The Do No Harm Act was introduced in 2017 in response to the 2014 Burwell v. Hobby Lobby Stores decision but did not advance in Congress. Representative Joseph P. Kennedy III (D-Mass)—who reintroduced the bill along with then-Senator Kamala Harris (D-Calif)—said in a statement “We cannot be equal or free if our government grants select Americans a license to discriminate against their neighbors under the guise of religious freedom … By passing the Do No Harm Act, we can reestablish the sacred balance between religious liberty and the personal liberties of those who have too often had their civil rights bargained away.”
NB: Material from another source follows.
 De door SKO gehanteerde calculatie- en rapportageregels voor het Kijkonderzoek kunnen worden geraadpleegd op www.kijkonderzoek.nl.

In Tanzin v. Tanvir (2020), the Supreme Court unanimously ruled that “that the Religious Freedom Restoration Act allows plaintiffs to get money damages against individual federal officials who have violated their rights.” At the center of the case were Muhammad Tanvir, Jameel Algibhah, and Naveed Shinwari—three Muslims who claim that “Federal Bureau of Investigation agents placed them on the No Fly List in retaliation for their refusal to act as informants against their religious communities.” Due to their placement on the No-Fly List, the men “were unable to see spouses, children, sick parents, and elderly grandparents who are overseas … [and] They lost jobs, were stigmatized within their communities, and suffered severe financial and emotional distress.”
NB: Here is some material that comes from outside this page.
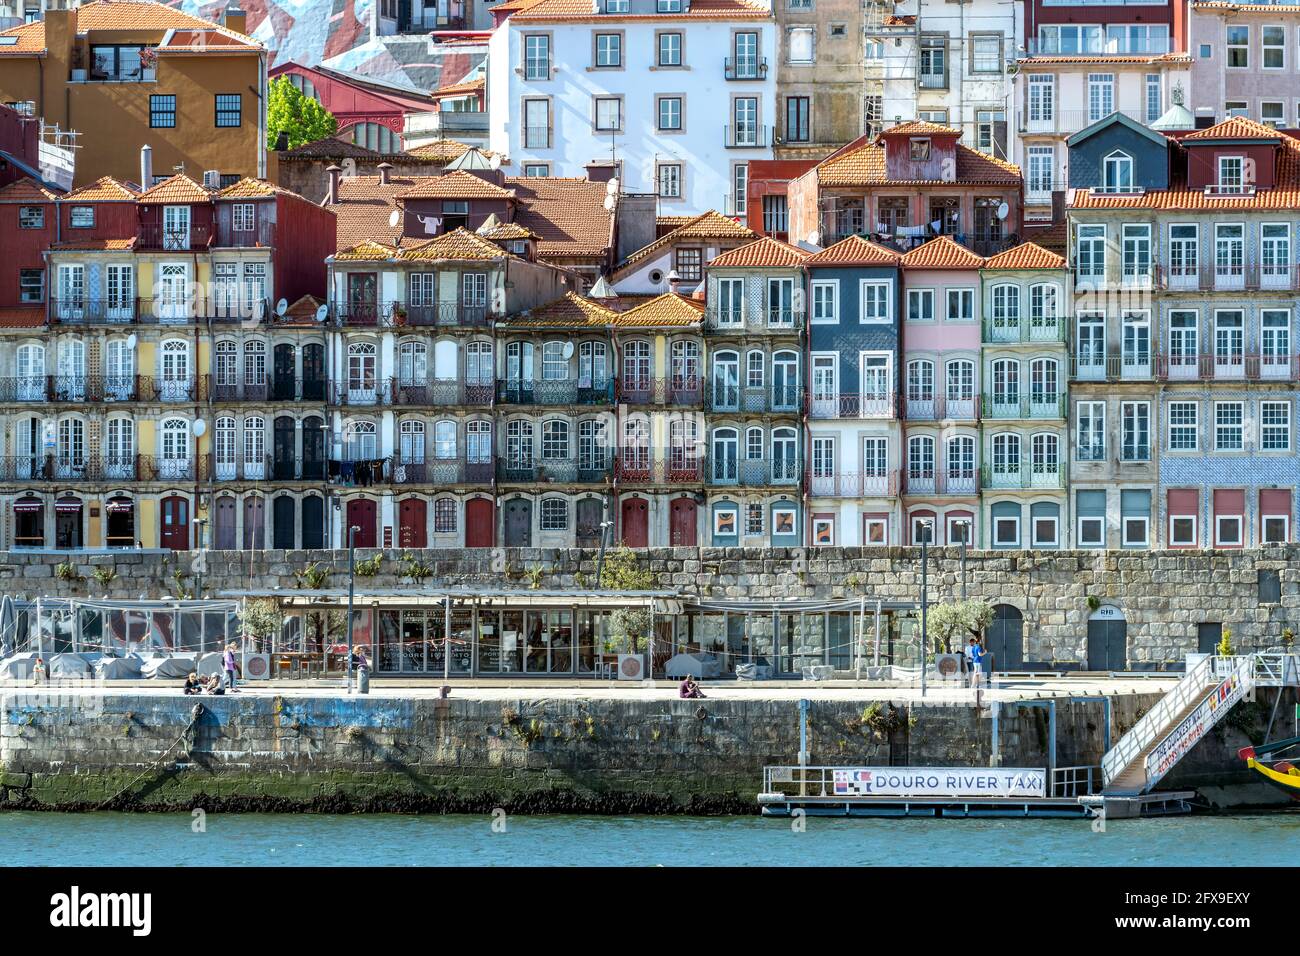 Typische Häuser an der Douro Promenade Cais de Ribeira in der Altstadt von Porto, Portugal, Europa   |  Typical buildings at the  Cais de Ribeira Dour Stock Photo

The Trump administration issued new guidance for religious exemptions for nonprofit and for-profit contractors “who ‘hold themselves out to the public as carrying out a religious purpose’” in December 2020. The final rule, issued through the US Department of Labor’s Office of Federal Contract Compliance Programs (OFCCP), was “‘intended to correct any misperception that religious organizations are disfavored in government contracting by setting forth appropriate protections for their autonomy to hire employees who will further their religious missions.’” According to the office—as reported by NBC News—the rule also “‘reduces confusion’ and reinforces existing statutes, including the Religious Freedom Restoration Act.” 

In December 2020, the Washington Post reported that the Museum of the Bible in Washington, DC was “considering suing DC Mayor Muriel E. Bowser (D) over the city’s latest round of coronavirus restrictions, saying they prevent the museum’s employees from exercising their religious freedom and its visitors from possibly having a religious experience.” In a letter to the mayor, “museum officials argue[d] that the city [was] violating the Religious Freedom Restoration Act by not allowing the museum to exercise religion.” 

In January 2021, the Guardian reported that the Trump administration had “set in motion the transfer of sacred Native American lands to a pair of Anglo-Australian mining conglomerates.” The land in question was the Oak Flat—a “2,422-acre Arizona parcel … of enormous significance to the Western Apache.” The San Carlos Apache Tribe filed a lawsuit “alleging …  that by moving forward with the land exchange the Forest Service is violating the National Historic Preservation Act, the Religious Freedom Restoration Act and an 1852 treaty between the United States and Western Apache tribes.”